FRANKFURT, Germany — The European Central Bank decided today to keep its pandemic stimulus efforts unchanged even as consumer prices spike and central banks in other parts of the world look to dial back support as their economies bounce back from the worst of the COVID-19 outbreak.
Bank President Christine Lagarde underlined that the burst of inflation was temporary and the economy still needed support from the bank’s 1.85 trillion euro ($2.14 trillion) stimulus program. But she added that the program would conclude at its previously announced earliest end date in March, opening the way for a decision at December’s meeting on what might come next.
The bank’s bond purchase program drove down longer-term borrowing costs for businesses as they weathered shutdowns and for governments as they spent more on pandemic support. It had been slated to run at least through March or until the bank deemed the crisis phase of the pandemic over, though rising inflation has sharpened questions about whether the exit should come sooner rather than later.

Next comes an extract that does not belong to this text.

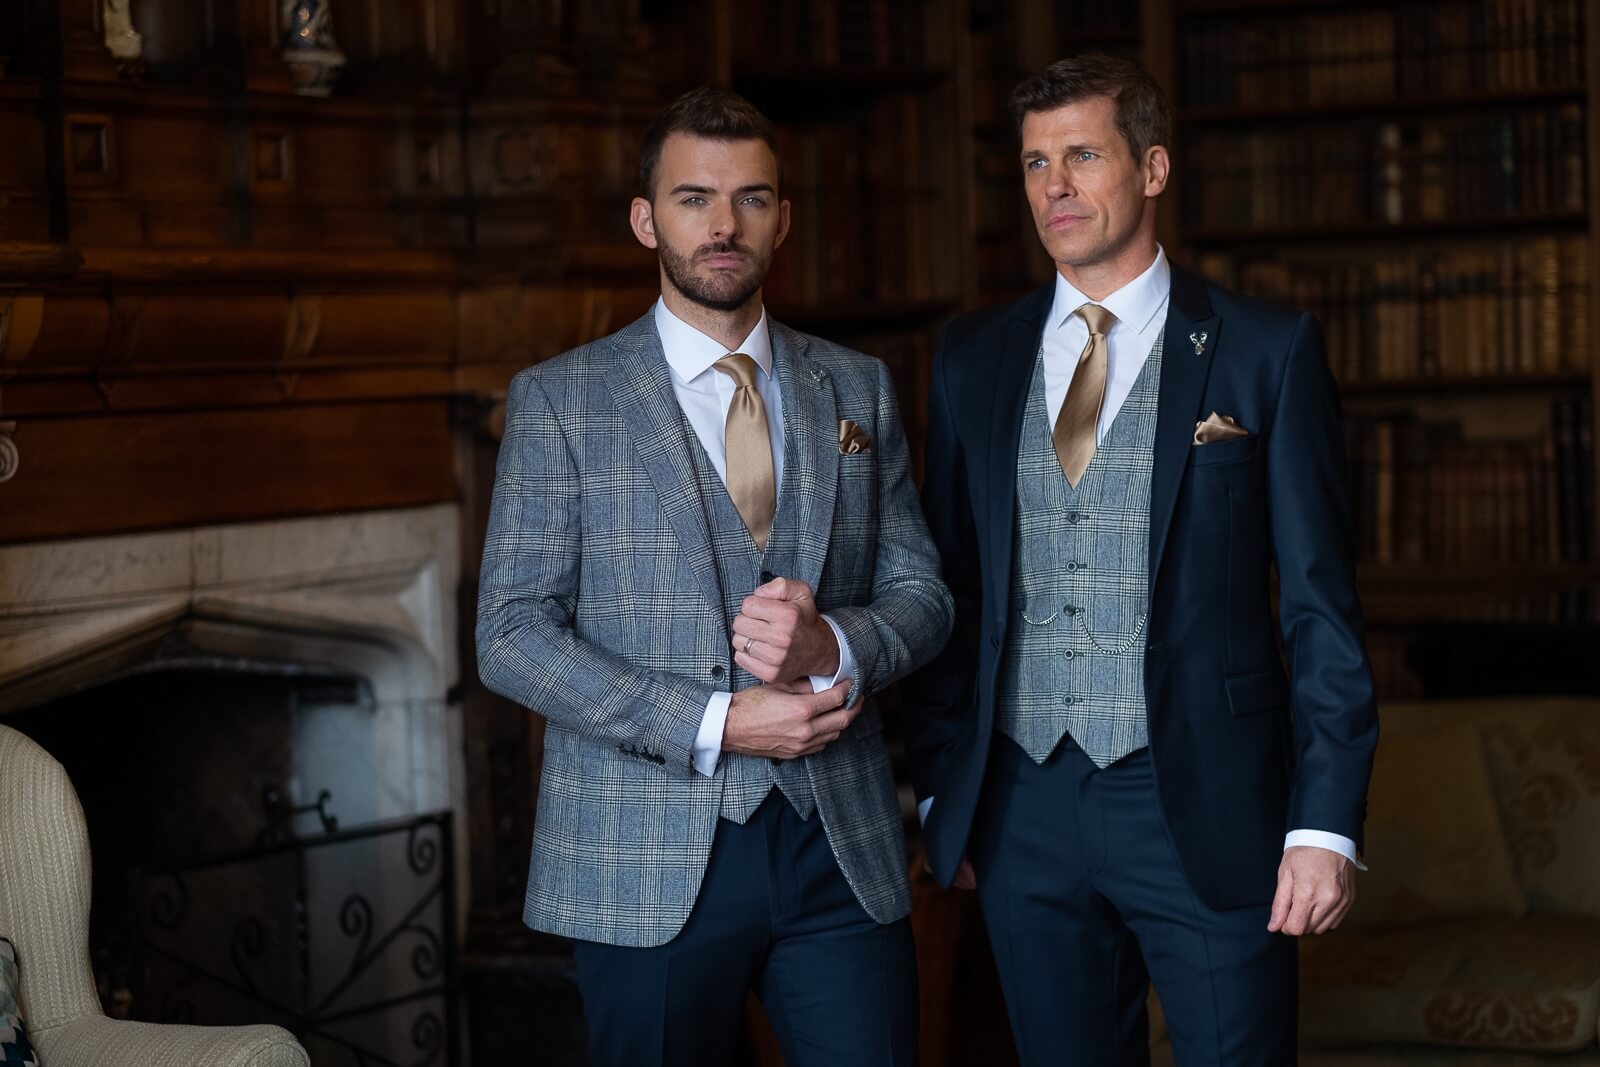 Men's Wedding Suit Trends For 2019 | Blog | Whitfield & Ward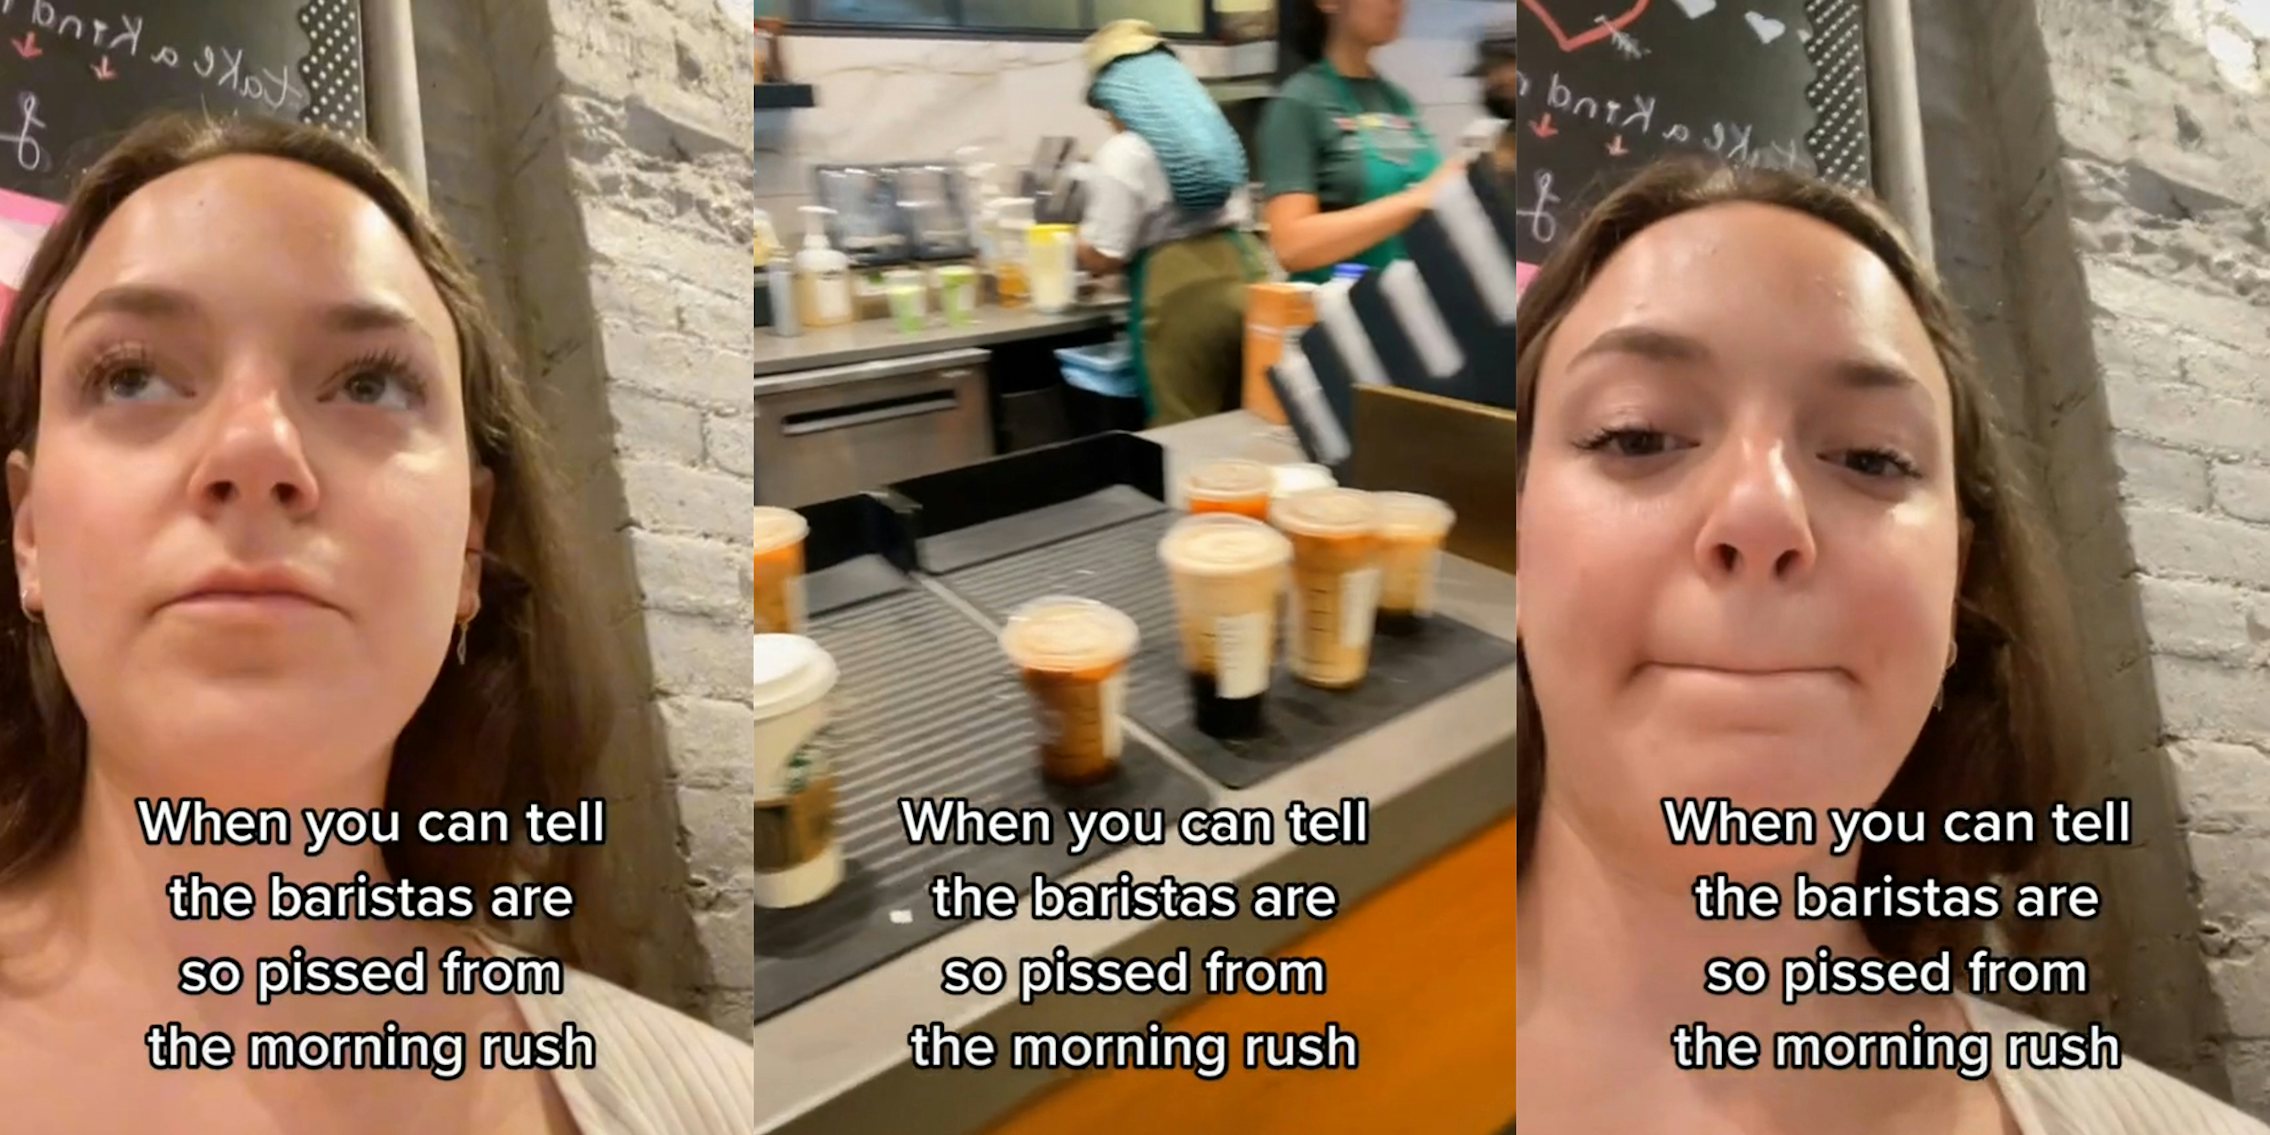 young woman in starbucks (l&r) drinks on counter (c) all with caption 'When you can tell the baristas are so pissed from the morning rush'

Lagarde said much of the surge in prices is tied to comparisons with low prices during the pandemic, recently higher fuel costs and demand outpacing supply as the economy reopens. She said she expected all three to be temporary.
She said that “while the current phase of higher inflation will last longer than originally expected, we expect inflation to decline in the course of next year.” The economy needed support from the central bank, Lagarde said, given that almost 2 million fewer people were employed than before the pandemic and 3 million were in government furlough programs that help companies keep workers by paying part of their salary.
Annual inflation in the group of countries using the euro hit 3.4% in September, the highest since 2008. Lagarde said she and the council had done “a lot of soul-searching” about the analysis that inflation would fade but were convinced it was correct.
Analysts say the bank will likely avoid an abrupt cutoff in pandemic support, for instance by shifting some bond purchases to another, pre-existing program. That could be decided at the Dec. 16 meeting.
The announcement that the pandemic stimulus would end as scheduled — rather than leaving it open — was seen by Frederik Ducrozet, global macro strategist at private bank Pictet, as a mild shift in stance. While tapering the support “shouldn’t be a surprise to any observer, the pre-commitment was unusually strong, in a possible concession” to stimulus skeptics on the council, Ducrozet said by email.
Central banks usually raise interest rates and dial back stimulus efforts to combat rising prices. But the European Central Bank says it foresees inflation falling to 1.5% by 2023, well below its goal of 2%, and market expectations of a small interest rate increase by the end of next year isn’t in line with its outlook.
Meanwhile, the Bank of Canada decided Wednesday to halt its bond purchase program, while the central bank of Brazil raised interest rates for the sixth straight meeting this week and indicated rates would continue going up.
The U.S. Federal Reserve has indicated it could announce a reduction in the pace of its monthly bond purchases as soon as November, though interest rate increases would be “premature,” according to Chairman Jerome Powell. The Bank of England has signaled it is getting ready to raise rates to combat inflation.
Lagarde said comparisons to other central banks weren’t relevant, because some of them were already over their inflation target or were in countries with particular economic strengths, such as commodity exporters.
The bloc of countries using the euro has not yet reached its pre-pandemic level of output, unlike the U.S., which has seen a robust recovery following more extensive government spending.
The European Central Bank made no change to interest rate benchmarks, which remain at record lows. The rate for European Central Bank lending to banks is zero, while the rate on deposits left overnight by banks is minus 0.5%, meaning banks pay to deposit the money — a penalty rate aimed at pushing them to lend the funds instead.